I was cleaning out closets the other day and I came across a board game called "Millionaire". Inside was a monopoly -like game that featured local Poway merchants. The game was a fundraiser for the Poway High School band, the Emerald Brigade. I don't remember what year it was produced, but I think it has been stored away probably for a good 10-20 yrs.
How many of these merchants do you remember? You can click on the picture to make it bigger.
Erb Engineering is in the business park. Travel agents have pretty well been replaced by the internet, but Poway Travel is still there. Sizzler's used to be where Cully's was before they got kicked out to make room for an "upscale" restaurant. Cully's is still in town, but Sizzler and the upscale restaurant are not. Ozzie's is another long time Poway business. We bought a violin there when our son was in 4th grade. Later, he took guitar lessons there.
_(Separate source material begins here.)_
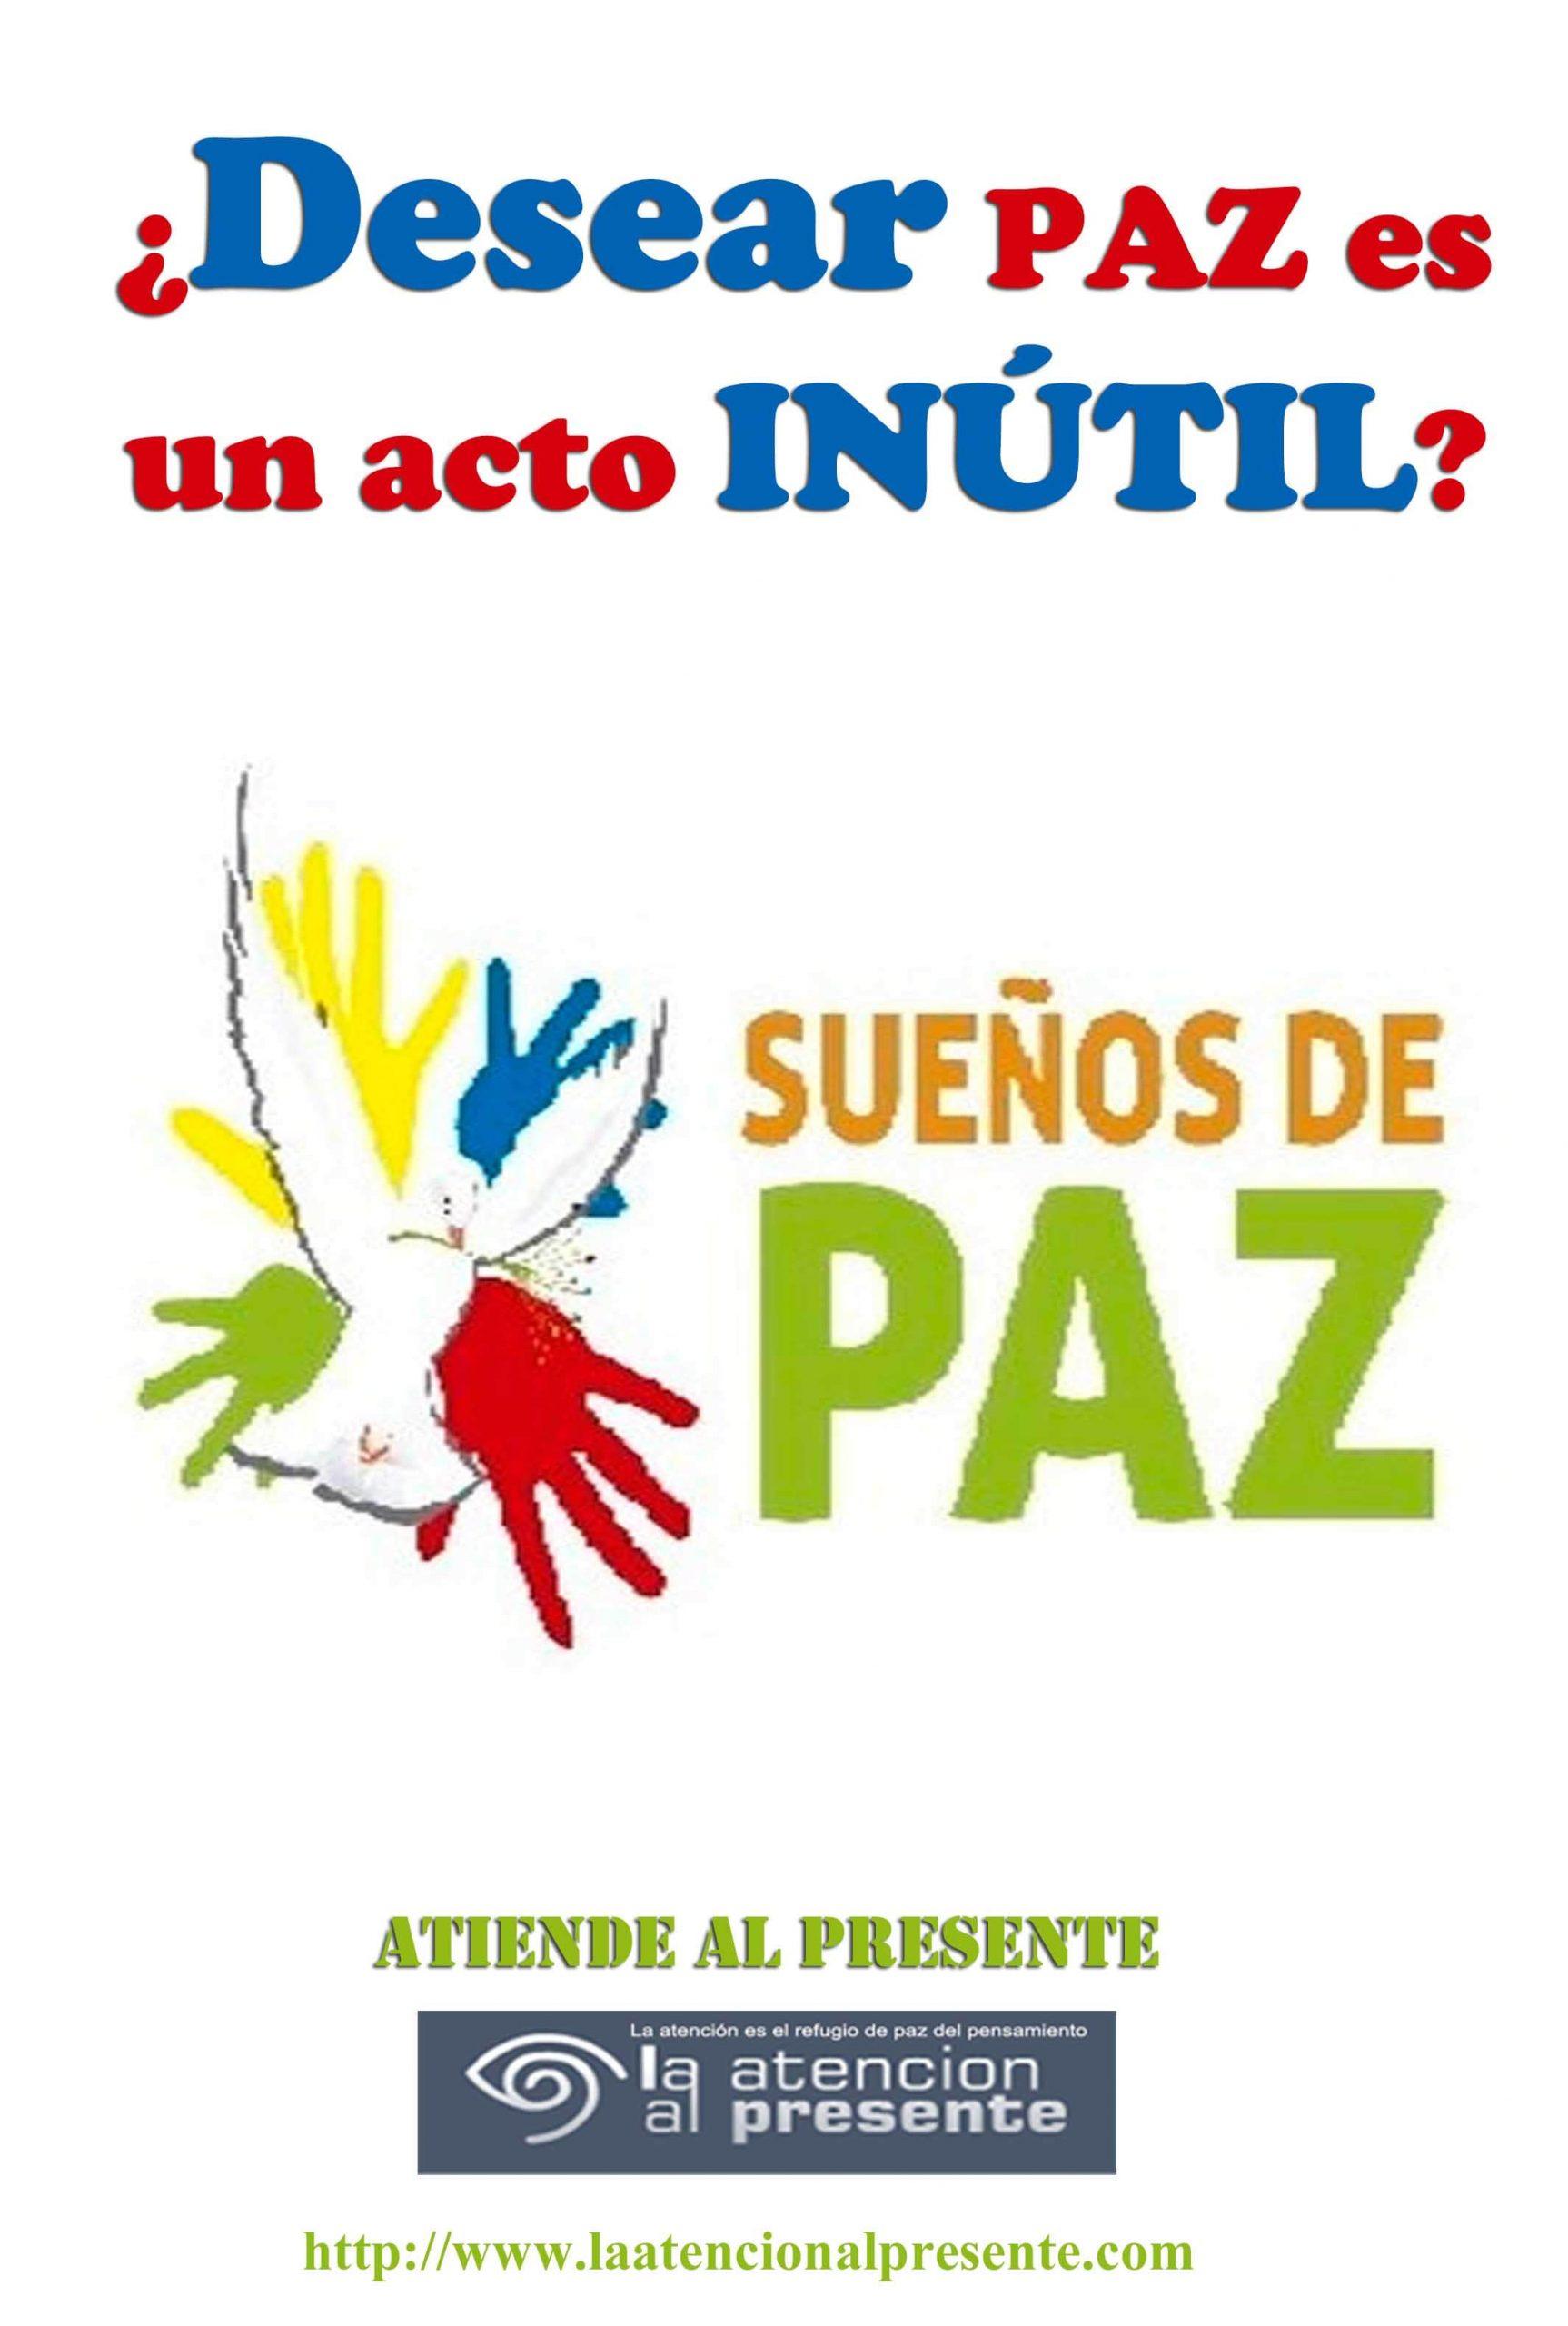 30 de abril Esteban Desear PAZ es una acto INUTIL min scaled

Whiskey Creek is gone. I never ate there, but I had to drop off a kid from our soccer team there one time. His mom never came to pick him up. So we offered to drive him home, but he said no one was at home and that if we dropped him off at Whiskey Creek, he could find his mom there. Kind of sad. The stationary store hung in there for a while, but I guess it was too hard to compete with big box stores like K-Mart and Wal-Mart.
Remember the iron-on T-shirt craze? I think we bought a couple of them from Shirts-R-U. Rex Trophies is still in Poway. I've got a couple of boxes of trophies they kids left behind. I could change the names on them and open my own shop.
Look at the picture of the "downtown" shopping district on the game board. Now, that is nostalgic. Big canopy trees, old-fashioned GAS sign, extra wide sidewalks, and almost no traffic.
I grew up in a Midwestern town that looked like that. Downtown was really pedestrian friendly.
Poway's commercial areas have always been a collection of strip malls. They were designed for vehicular access, not pedestrians. One thing that might force a change is that in the last couple of years, hundreds of affordable apartments have been built in the area. And likely more will be built. A car-centric downtown is incompatible with an area that is becoming increasingly filled with nearby residents. It will be interesting to see what merchants are still standing in another 20 yrs and just what downtown Poway will look like.
1 comment:
This is great! Glad you hung on to it. In the 1980s there were two honky tonks in town. Whiskey Creek was one, and I bartended at the other. As I recall, before it was Whiskey Creek, it was the Ivanhoe. I recall a similar story where my friend's dad drank their monthly welfare checks at the Ivanhoe.
I kind of remember most of the others. Not much of that Poway left, huh? But when you come home after being gone for 10 or 15 years, it's the hills that you are happiest to see.
And the olive groves, when you can still find them. And the oak trees.